## Task details
Starting at the line that contains "Dreams can twist", retype each line to the end of the listing below. Include both ends, but not the pictures.

## Given information

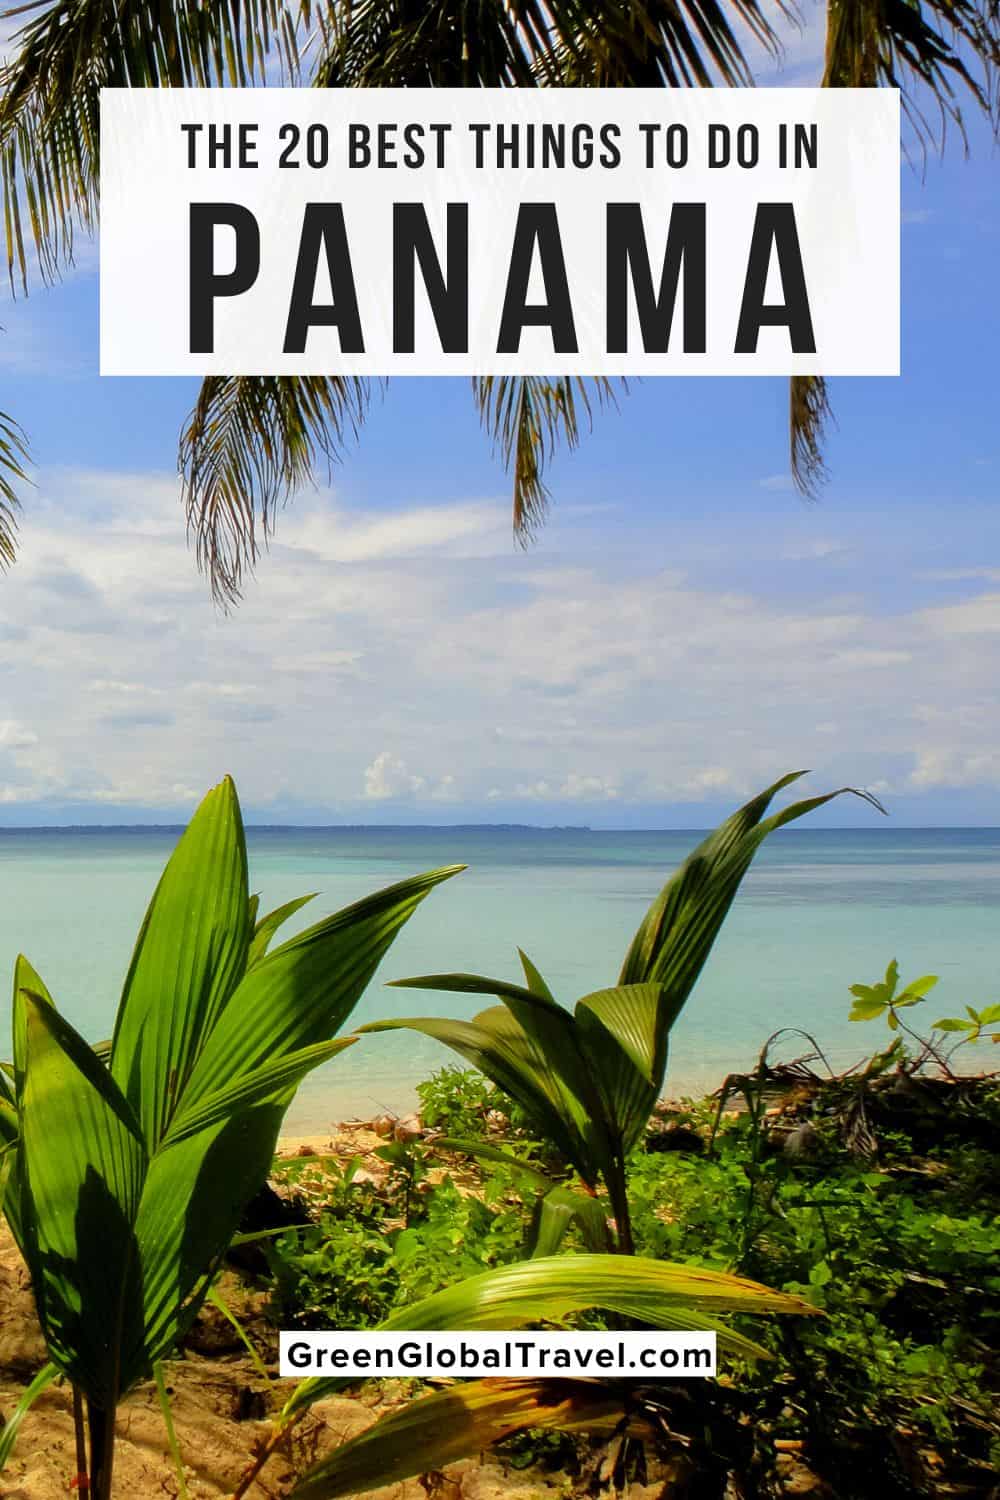 Our picks for the 20 Best Things to Do in Panama, Central America with a focus on Panama attractions geared to nature and history lovers. | things to do in panama city panama | what to do in panama | panama things to do | attractions in panama | places to visit in panama | what is panama known for | best places to visit in panama | destinations in panama | panama activities | panama destinations | panama in central america | panama places to visit | things to do in bocas del toro |
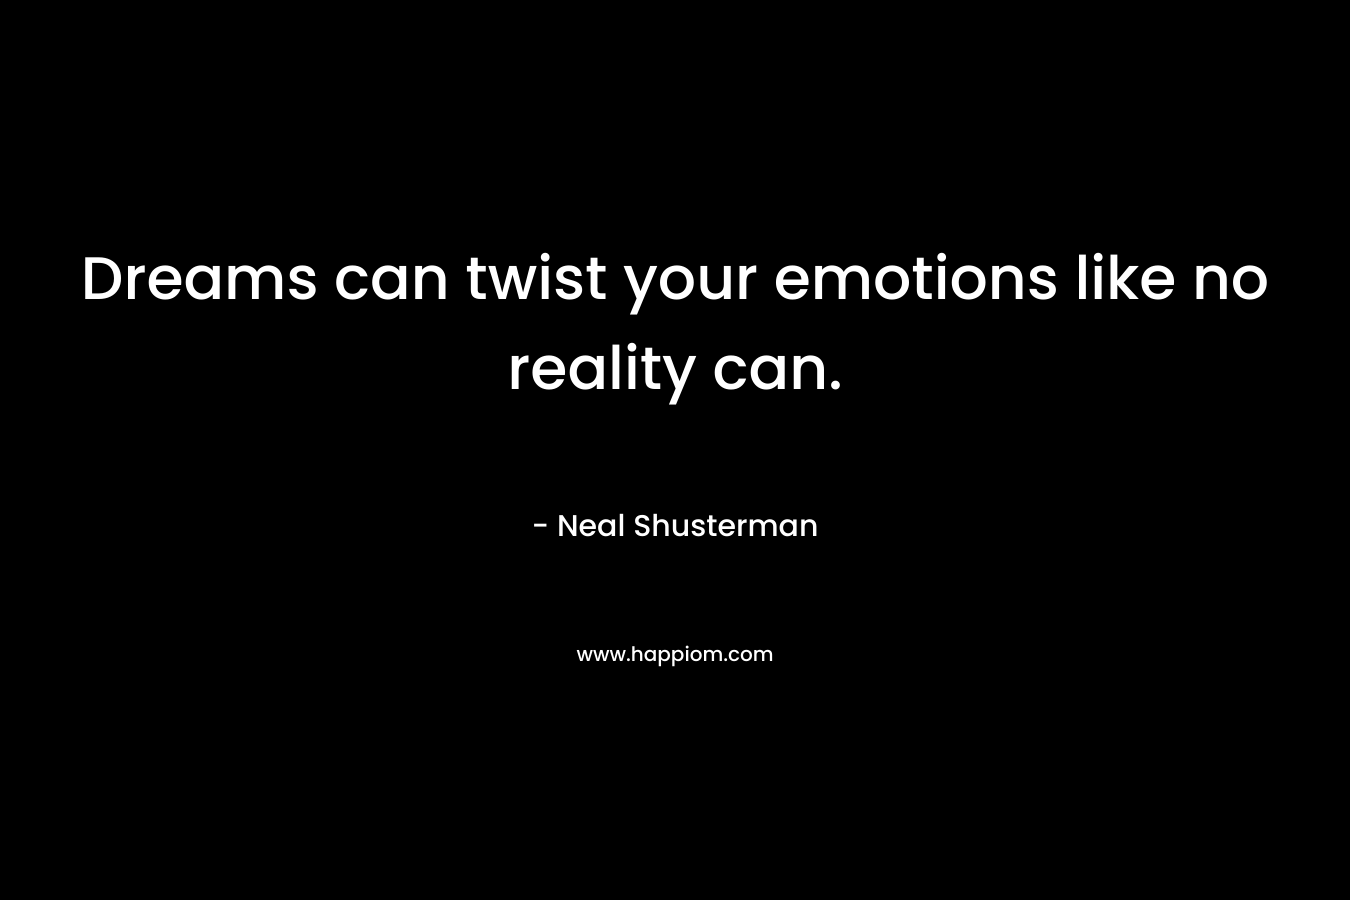 Dreams can twist your emotions like no reality can.
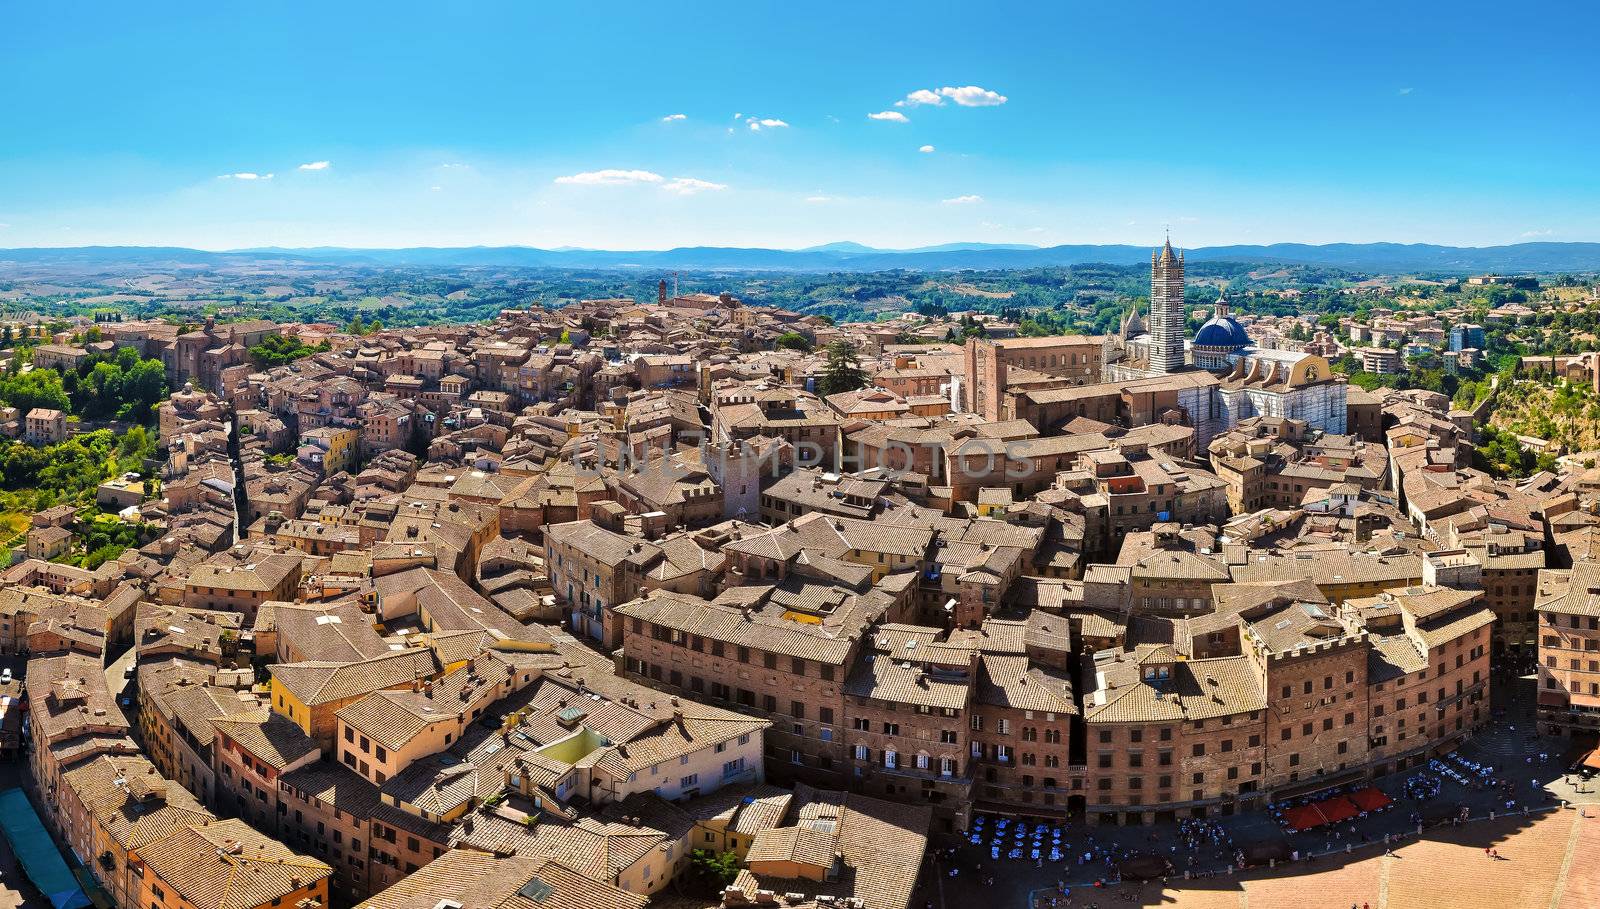 Sienna birds eye panorama view from Torra Mangia by martinm303

## Exercise solution
 Dreams can twist your emotions like no reality can.
 Sienna birds eye panorama view from Torra Mangia by martinm303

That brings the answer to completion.